Building on the work of the Global Enterprise, NTI is working with partners around the world to host a series of regional workshops. These workshops are designed to discuss regional non-proliferation and disarmament concerns and priorities; highlight potential opportunities for governments to contribute to strengthening the NPT; and develop and build support for practical steps, new initiatives, and tangible commitments that demonstrate the ability of NPT States Parties to work together.
Our first workshop was held in Rio de Janeiro, Brazil in December 2019, and the second in Accra finished on March 5. Both workshops were completed with the help of expert partner organizations in the region—NPSGlobal in Latin America and AFRICSIS in Africa—and included participation from government and nongovernmental experts.
The takeaways from both workshops are clear: Latin American and African governments have a major role to play in sustaining and strengthening the NPT, including during the upcoming NPT Review Conference (the RevCons are held every five years), whenever it now takes place. Both workshops also revealed that while there are increasing tensions among the nuclear weapon states, and between nuclear weapon states and non-nuclear weapon states, an overall strong commitment to the NPT remains. Moreover, there are plenty of practical ways for states to work together to reduce nuclear threats and create the necessary foundations for further disarmament.
In Accra, participants reinforced the importance of moving toward global nuclear disarmament and employing stringent nonproliferation measures to ensure that non-state actors do not attain nuclear weapons. Participants also focused on ways to safely deliver the peaceful uses of nuclear energy to the continent without sacrificing robust safety and security (for example, continuing close cooperation with the International
Atomic Energy Agency). We were also fortunate to welcome the participation of Dr. Lassina Zerbo, Executive Secretary of the Comprehensive Nuclear-Test-Ban Treaty Organization several next-generation technical and policy experts to participate in the workshop and discuss the importance of engaging younger generations in the nuclear community.
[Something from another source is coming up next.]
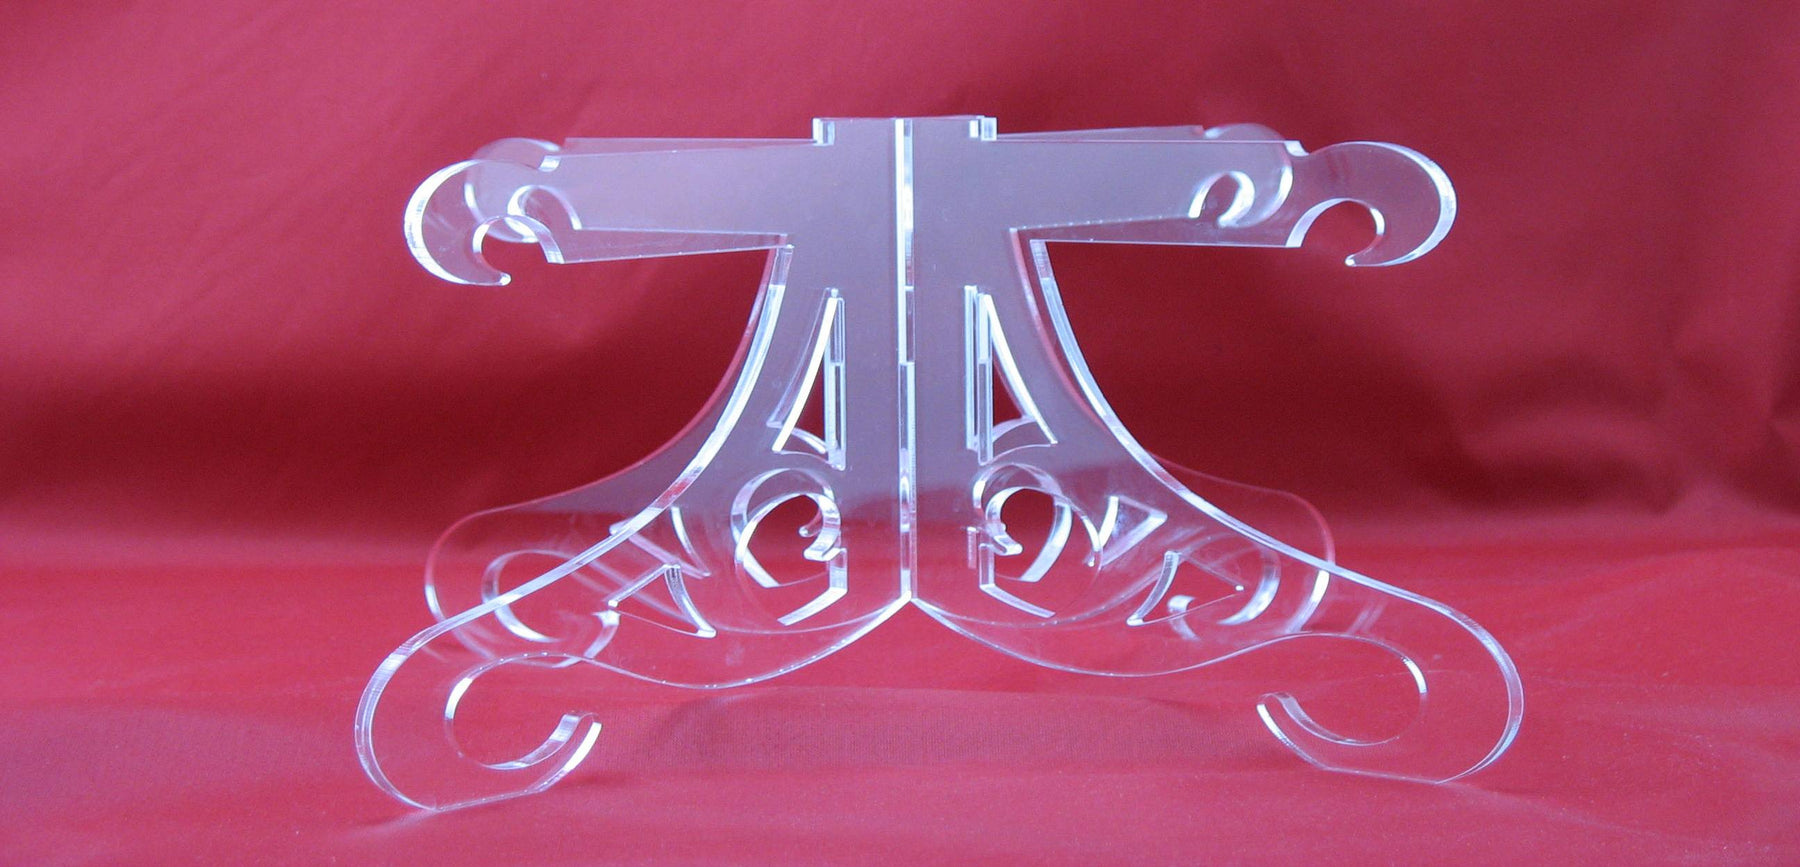 Cake Cupcake Stand Round Clear Acrylic

Overall, the workshops put a spotlight on the different priorities for governments across regions. In the United States and Europe, the discussion typically focuses on specific arms control treaties, risk reduction measures, and the relationship between the global security environment and the future of nuclear disarmament. In Rio and Accra, the discussion instead focused on fulfilling previous disarmament and non-proliferation commitments by Nuclear Weapon States, the advancement of nuclear energy programs, and ways to work together to reduce the risk of nuclear weapons and achieve nuclear disarmament.
As a follow-up to the workshop, NTI commissioned a discussion paper from Segakweng Tsiane, Lead Consultant of T3000 Consultancies in Botswana, to explain the future of Africa’s Nuclear-Weapon-Free-Zone Treaty and the role of African organizations in nonproliferation and disarmament. The view expressed in this paper is solely that of the author and does not necessarily reflect those of NTI or of other Global Enterprise participants.
Next year, we look forward to our third regional workshop, this time in the Asia Pacific region, where we can again promote broader engagement on NPT issues, understand regional perspectives, and share ideas developed by the Global Enterprise with a wider audience.